Magnifico! Finally cut through all the major B.S. to get this matter rectified. Please keep us posted regarding purchases. I assume you will retrofit your bike with the Nyon as well??
I have 15 accessories that amount to $2000. The second battery is $900. The light is $500. The bike is expensive enough at $3800. I feel like I am being gouged. Intuvia retrofit is $200. So, really the base price is over $6000. I call this tactic cost shifting. My racing mountain bike cost that much. No way in hell they are equivalent. My Yeti ASR-C is a dream ride.
The Bosch only starts making sense to me with the Nyon. Otherwise, it is just yet another over-engineered source of excessive German pride. What do I care about Prussian anything? And then they continue to stick it to you in the most abusive way. I fail to to see the perverse pleasure in the German scene. Please, someone clue me in, because I do not get it, being such a fat, ignorant and rich American. The Germans must be laughing all the way to the international currency exchange desk.
I am still deciding whether this is worth the price. I am trying to determine how far I can go with two batteries. They have a 30 day full refund policy.
One battery has half the range I want. At 210 pounds, the bike only carries half the weight that I want, 35 pounds. I feel like I am buying a frame, rather than a complete bike.
The bike shop is about a 90 minute bike ride. Not bad because my mother lives about 20 minutes away. Since I sold my car, the bus ride back is 90 minutes. I will easily put 5000 to 10000 miles on the bike per year. I expect The two batteries will last two years. The maintenance costs and inconvenience will be high.
In summary, I am not feeling very good about it. I just love my conventional bikes. I hate to put them through the abuse of another winter. I am torn.
I do not have problems with the American side of the bike. I very much dislike the German half — Bosch, Bush&Mueller. I wish I could by all American. I own a Specialized Diverge that I love. I am totally uninterested in the Specialized eBikes.
I think they hold all the cards and are taking full advantage of the situation. I just feel bad. If they were the least bit smart, they would try to make the experience pleasant. It has been a hassle. It makes me want to ride my pedal bikes, just to spite them.

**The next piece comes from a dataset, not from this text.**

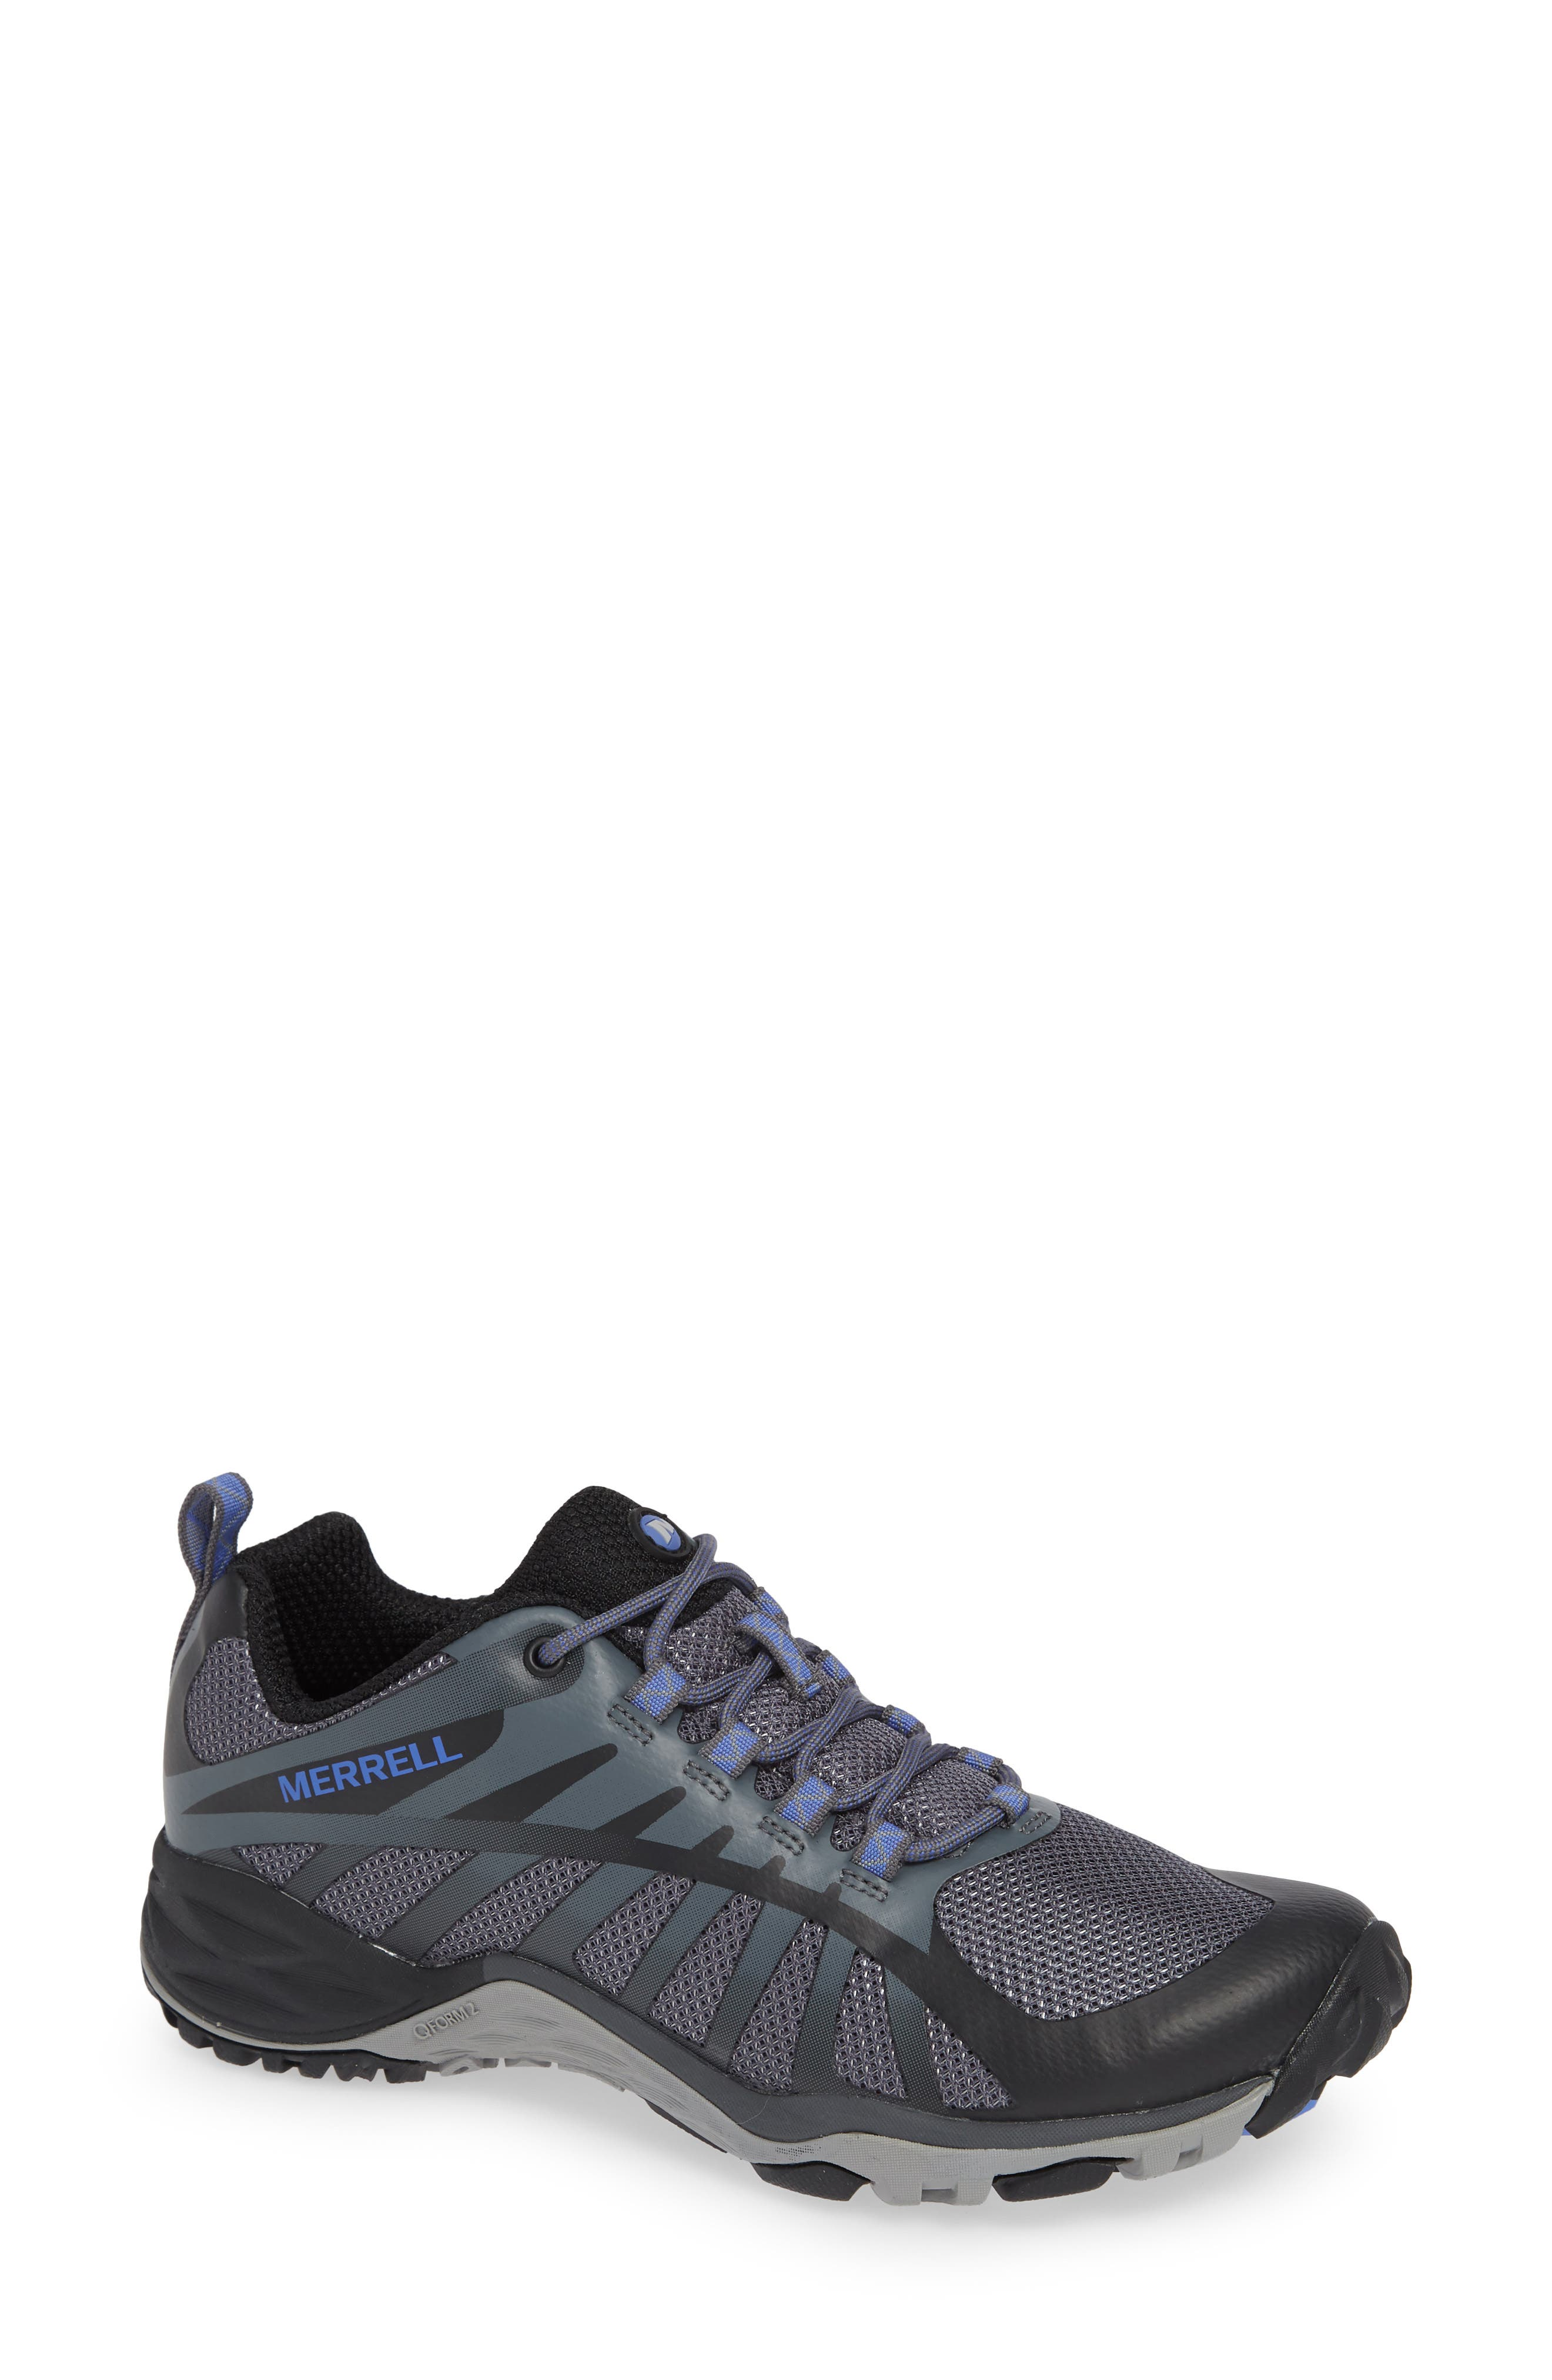 MERRELL Siren Edge Q2 Hiking Shoe, Main, color, BLACK FABRIC

I figured out how to work around no rack on my carbon bikes. Keep the amount of food to the size of a Guinness 18 pack. Or pay Walmart $10 to deliver bulky items, like TP.
It makes me sick. I can retrofit a 2019 (in a 2018 time warp) product to make it meet my needs, after a lot of sophisticated research. I do not t feel like the product was designed or made for me in any way. That really sucks when the bill is over $6000. All the pieces exist, in an incoherent, and sometimes illegal, manner. But they just do not integrate as a whole. The sum of parts do not add up to the price.
As a real cyclist, i just cannot bear the small, fixed chainring. A 15T chainring looks like a toy. Does a 15T cog belong on the rear cassette, or what? You have got to be kidding me. I do not care what rationalization marketing devises about reduction, a 15T chainring makes me want to laugh. Reduction belongs in a hub, not bottom bracket. I hate my small chainring on my compact 34/50T, because it makes me feel like a hamster in a treadmill. I like a 50T chainring because it is so efficient and smooth. I also love 29" wheels, for the same reason. The part that really blows my mind is the super-sized cassette. That giant cog looks so fragile. I wonder if i push too hard on the pedals what will happen to the drivetrain.
The other thing that irkes me about the Bosch is the weight and aerodynamic drag. It makes my eyes pop out of my head. Are they serious cyclists? Where did that shape come from, a car part? I only grudgingly accepted Bosch when the integrated the battery into the down tube. I look at that shape and wonder if pay a 25% drag penalty. The old configuration looks plain ugly to me. The old Bosch is offensive from an aesthetic standpoint. Have they no style? I hardly believe an Italian designer would tolerate that aesthetic. I rather think a French designer would throw a fit. Bosch is so obsessed with the controller logic, that they forgot what a beautiful bike looks like.
The Nyon compensates for all those anti-bike features. The Nyon brings rationality to the Bosch system.
The guiding principle seems to be profit. The price is not related to value. I have a hard time with that philosophy. It conjures images of witches stirring a caldron.
I have two needs: cargo and foul-weather bike. The Trek Powerfly 5 delivers no cargo value. I would rather pay Walmart $10 to deliver food. I can also pick up small, 25 pound grocery purchases, when i happen to pass by.
Can the Trek Powerfly 5 deliver foul-weather value? I have a hard time figuring that out due to the lack of battery fuel economy data. If i must guess, the answer is no. But i am not the gambling type.